Étonnamment, Pharloom devient une dimension parallèle, où je peux entrer dans mon esprit même si je dois arrêter de jouer. Je récapitule sans cesse mes combats, les architectes de douleur de cet univers, et je réfléchis aux ombres qui hantent les personnages. Ce jeu est un véritable travail de passion, plein de détails captivants où chaque élément semble vivre indépendamment de ma présence.
Certaines zones de Pharloom ne sont guère plaisantes. Une nuit, j’ai trouvé un parcours cauchemardesque, découvrant des lieux que je ne souhaite jamais revoir. Je me suis rapproché de Shakra, dont la chanson guidait mes pas. J’ai dû rassembler de précieuses ressources pour essayer de l’atteindre, luttant contre des créatures traîtresses. Cela m’a réduit aux larmes.
Abandonner n’a jamais été une option. Même si j’ai pris des pauses, je n’ai jamais cessé, même lorsqu’un défi me semblait impossible. Silksong est parfois sadique, punissant durement toute erreur. Pourtant, je pense que parce que je souffre de toute façon, rajouter un peu de défi donne un sentiment de contrôle.
Les jeux vidéo difficiles exigent ténacité et résilience.
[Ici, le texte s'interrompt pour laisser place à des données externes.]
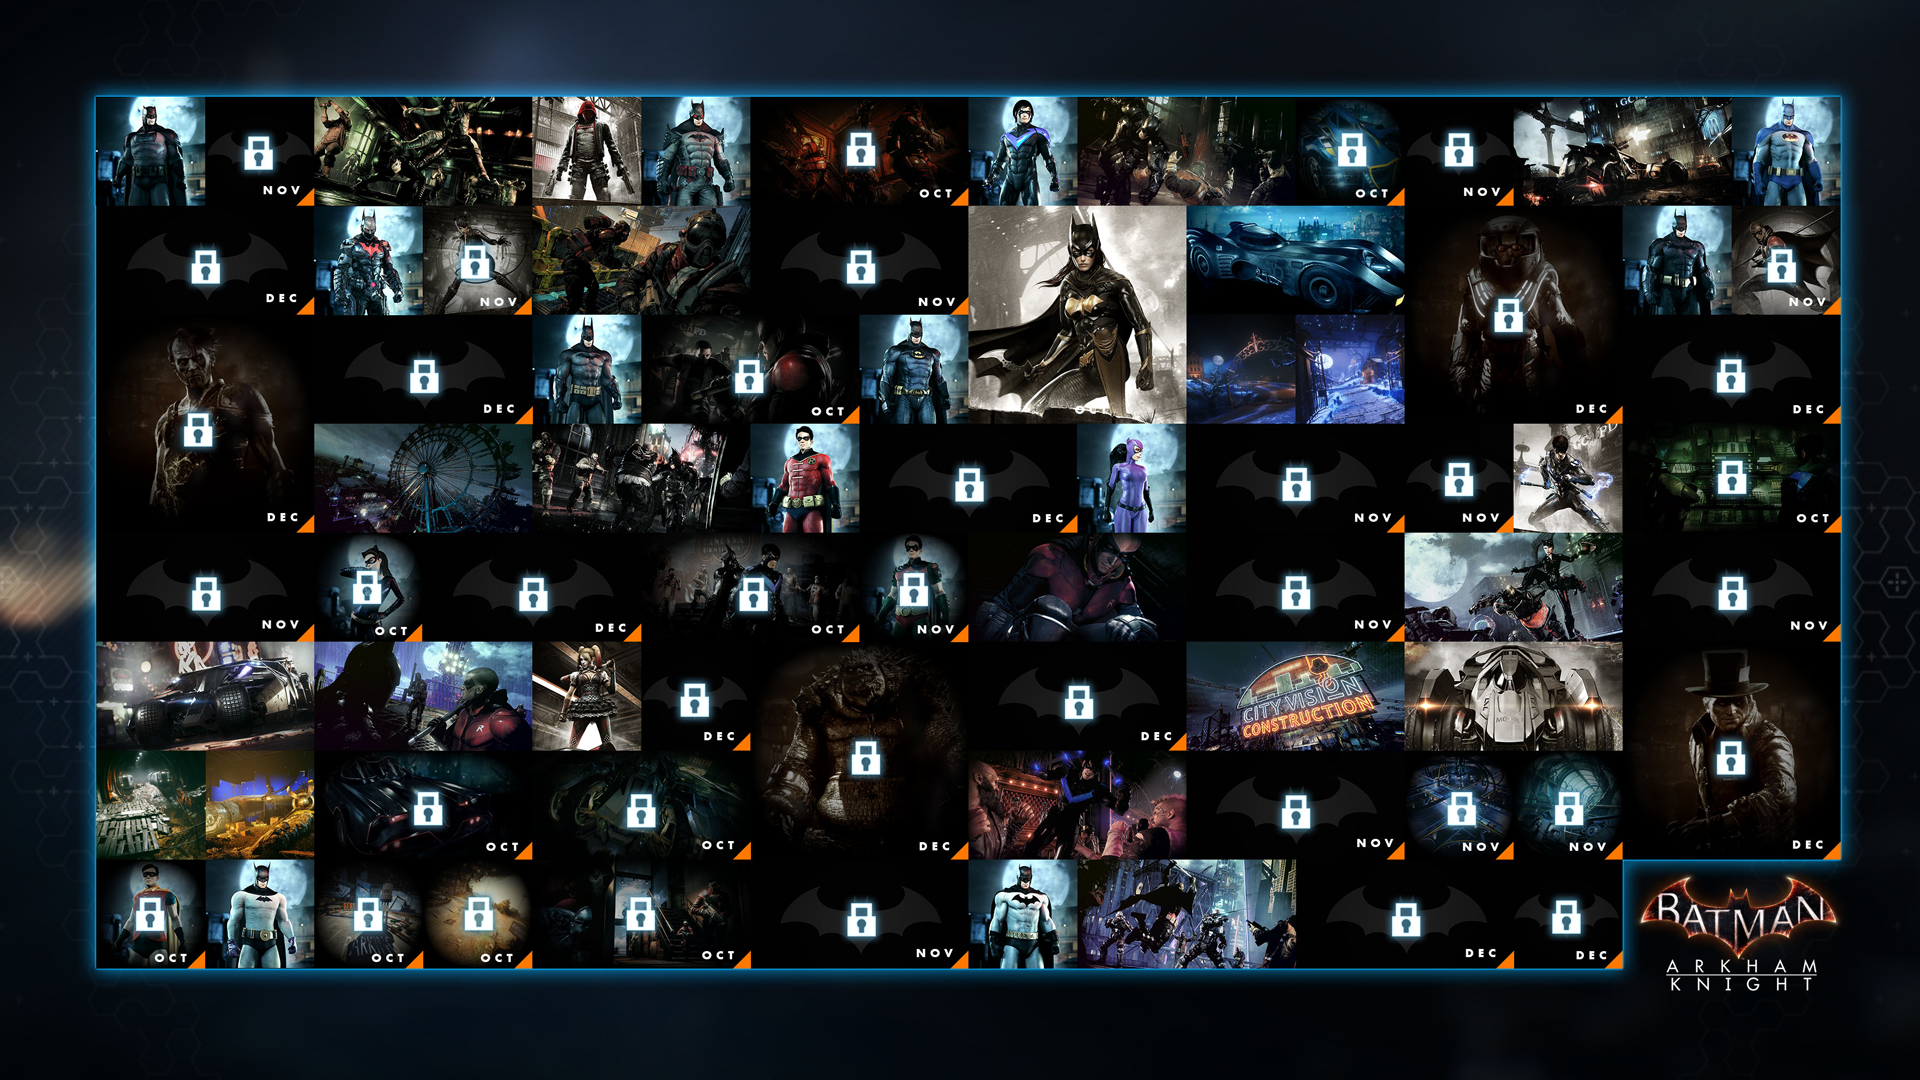 “Batman: Arkham Knight’s” Full Season Pass Revealed - Lots of Skins, AR Missions, and a Few Episodes

Ils enseignent qu’il faut persister jusqu’à réussir. Mais cela n’applique pas à la douleur ; il n’y a pas d’effort pouvant guérir les nerfs plus vite. J’ai appris à gérer mon temps, mais rien de ce que j’ai appris dans les jeux ne m’a aidé à gérer la souffrance. Au contraire, il m’a fallu apprendre à vivre lentement, devoir reconnaître mes limites sans culpabilité.
Apprendre à faire les choses lentement a été une découverte. Pendant que je jouais, je lisais sur la science moderne de la douleur. Au début, c’était par désespoir, mais j’ai compris qu’accepter la douleur est la première étape pour vivre avec. Reconnaître la souffrance et adapter ma vie ne signifie pas abandonner. Cela signifie que je continue à vivre, à jouer.
Après quatre mois et 40 heures de jeu, j’ai presque tout accompli à Pharloom. Je suis confronté au dernier boss, espérant accomplir cette tâche symbolique de persévérance. Bien qu’il n’y ait pas de finale parfaite, Silksong m’a permis de voir la souffrance différemment. Elle n’a pas besoin d’un but, ni d’une narration ordonnée. Mais on peut apprendre à l’esquiver, avancer malgré tout.
Points à retenir
- La souffrance physique peut influencer notre bien-être mental.
- Les jeux vidéo peuvent servir de thérapie et d’évasion face à la douleur.
- La persévérance est essentielle dans les défis, qu’ils soient virtuels ou réels.
- Il est crucial de reconnaître ses limites et d’apprendre à vivre avec ses douleurs.
- Chaque expérience, même douloureuse, peut enseigner des leçons sur la résilience.
Je me demande souvent vers quoi se dirige ma propre souffrance. Les jeux comme Silksong permettent une réflexion sur notre relation à la douleur et à la lutte. Devons-nous nécessairement connaître la souffrance pour atteindre une forme de rédemption, ou peut-on simplement avancer sans chercher à l’expliquer ? Ce débat, profondément humain, mérite d’être exploré.